- Endoscopic image of glycogenic acanthosis found incidentally
- Specialty: Gastroenterology

= Glycogenic acanthosis =

Glycogenic acanthosis are small raised white plaques commonly seen in the esophageal mucosa. It is seen incidentally in 3.5% of gastroscopies.

==Signs and symptoms==

On gastroscopy, glycogenic acanthosis is seen as a multitude of small white raised plaques of 2 mm to 10 mm in size, which may be seen throughout the esophagus. They tend to occur on esophageal folds, and may be missed if the esophagus is not well distended with air. It may be seen on esophageal x-rays; it is not seen on standard esophograms, but can be seen with double-contrast studies. Biopsies of the lesions show hypertrophied stratified squamous mucosa with glycogen deposition in the mucosa.

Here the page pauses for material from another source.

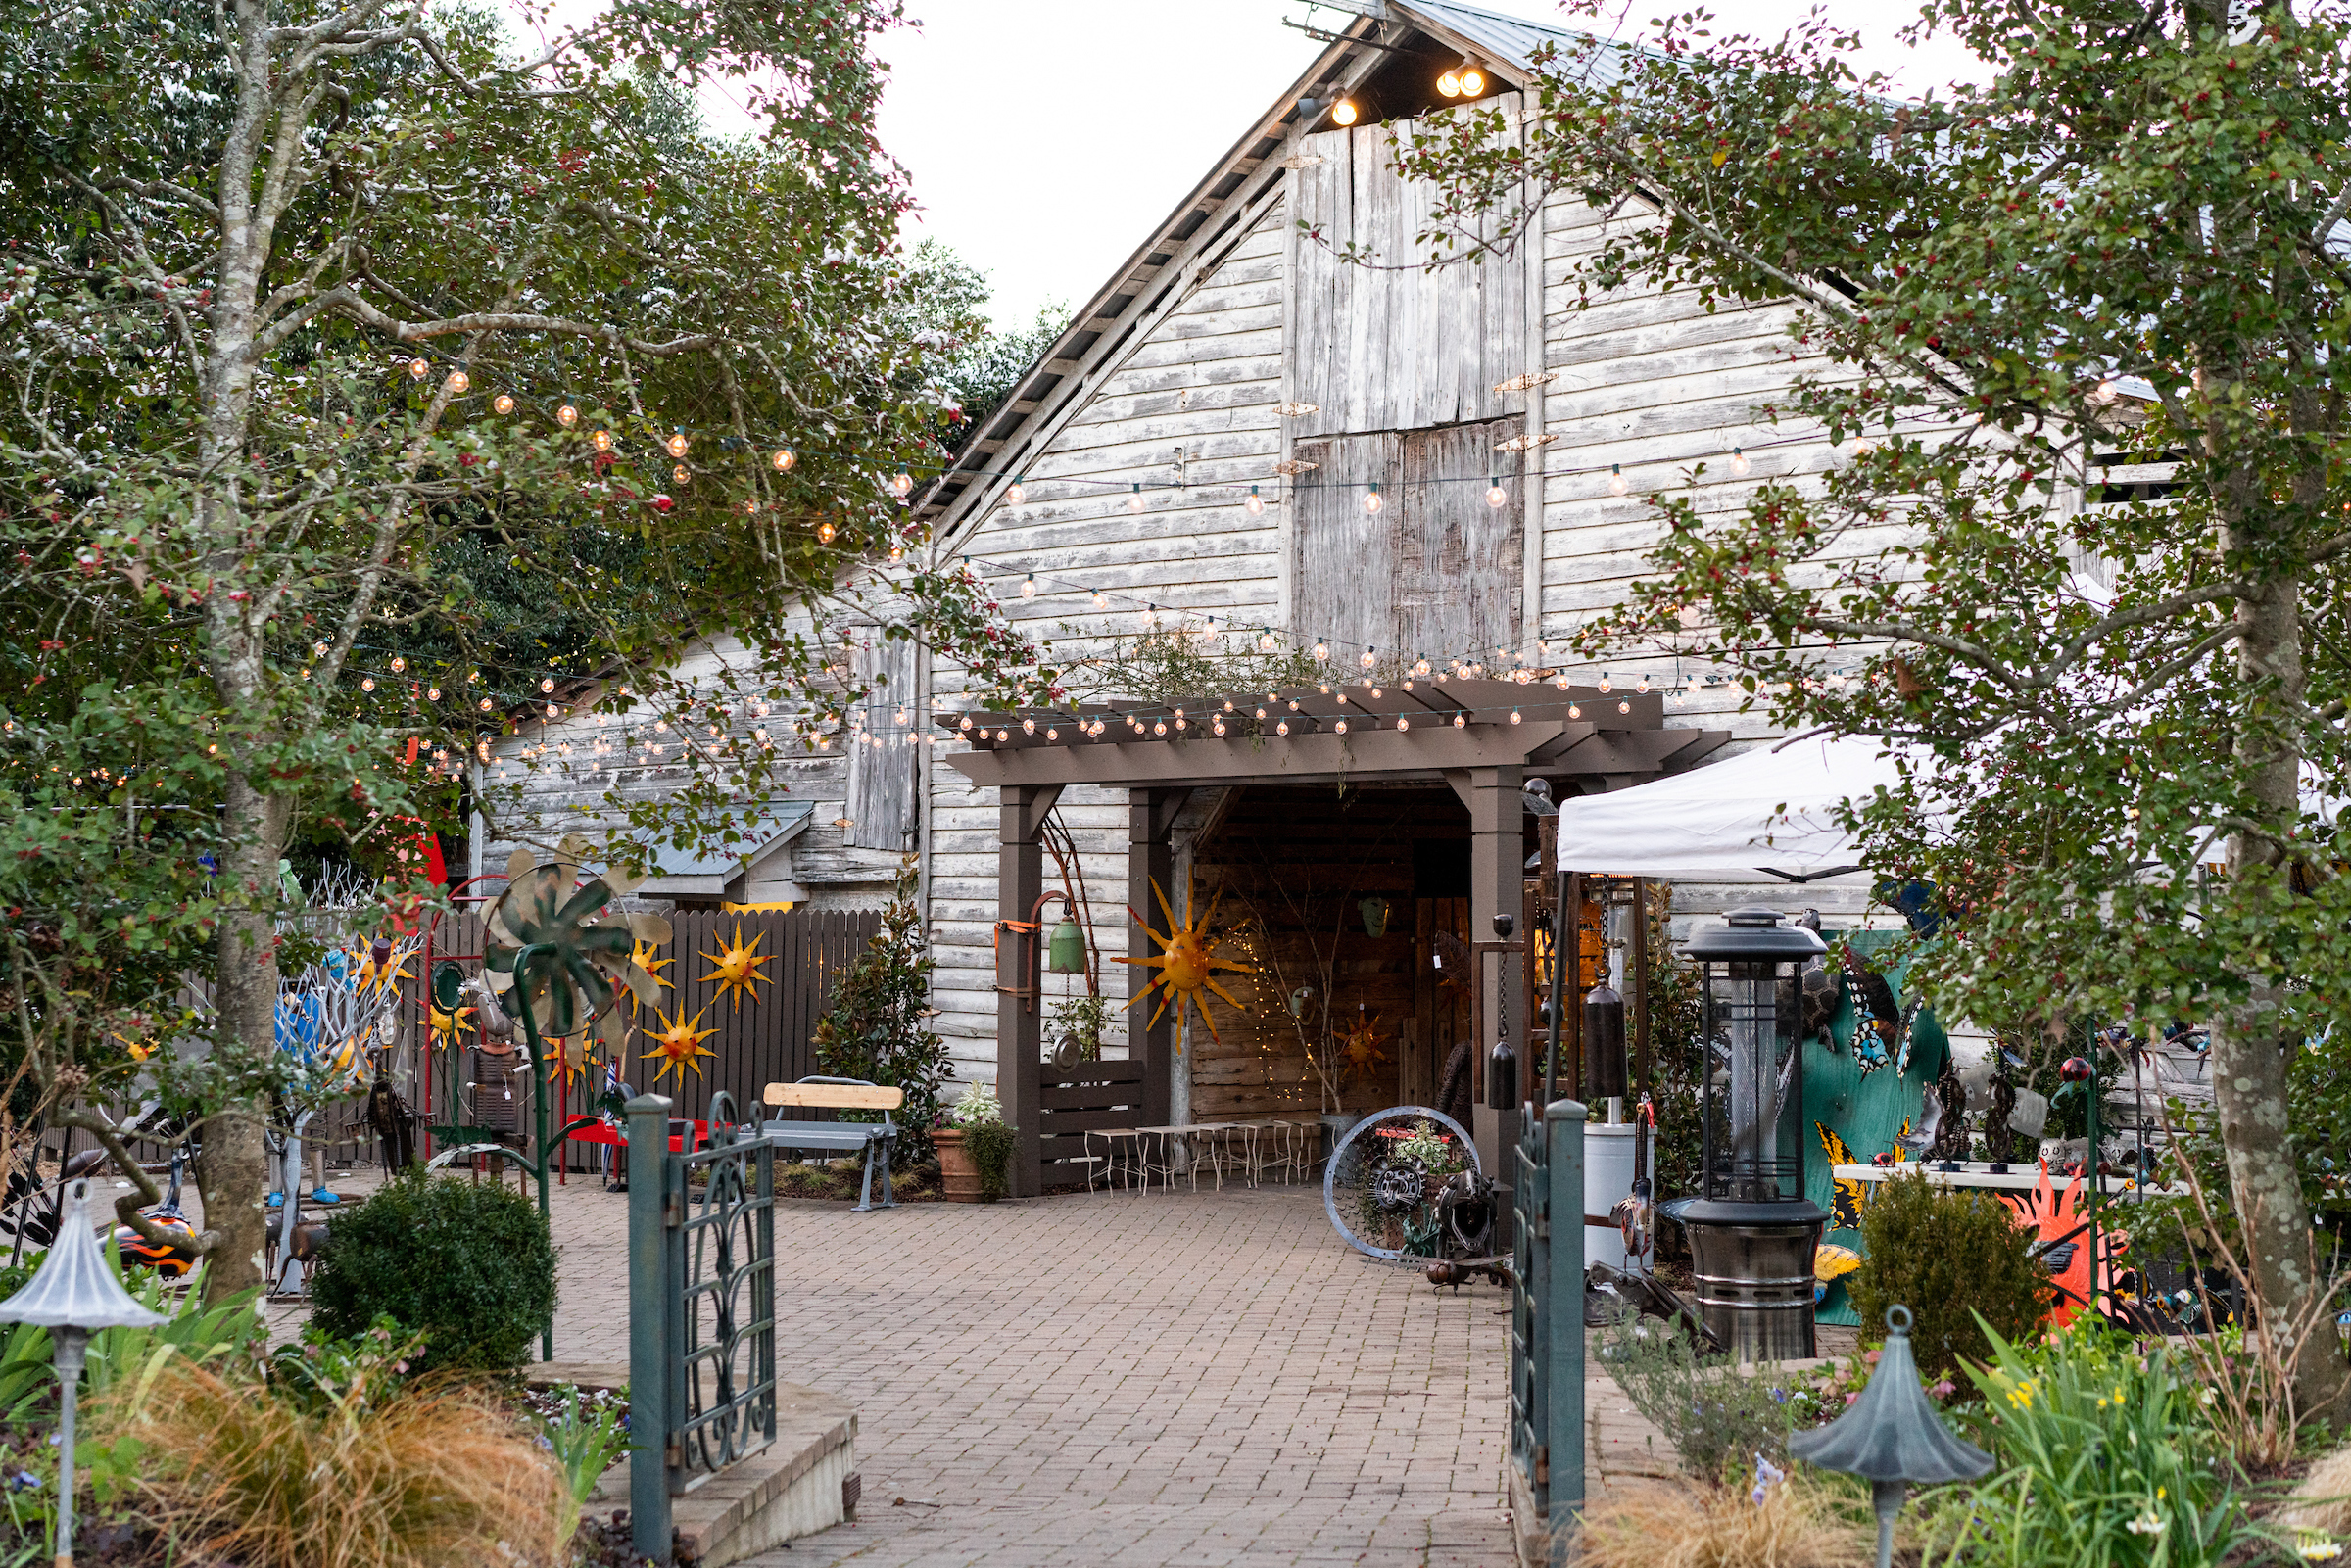 Melrose Arts & Crafts Festival - City of Natchitoches, Louisiana

Clinically, mild glycogenic acanthosis is a normal finding, and does not progress to esophageal cancer or to stricture. It is not related to leukoplakia, and is not dysplastic or premalignant. It was originally thought to be associated with gastroesophageal reflux disease (GERD), but the association is not entirely clear. One report also shows an association with celiac disease, but again, this has not shown been beyond that. Extensive glycogenic acanthosis has been shown to be associated with Cowden's syndrome.

==Diagnosis==

Glycogenic acanthosis is characterized by epithelial hyperplasia, with an increased number of enlarged epithelial cells containing abundant glycogen. There is no associated hyperkeratosis, inflammation, dysplasia, or cellular atypia.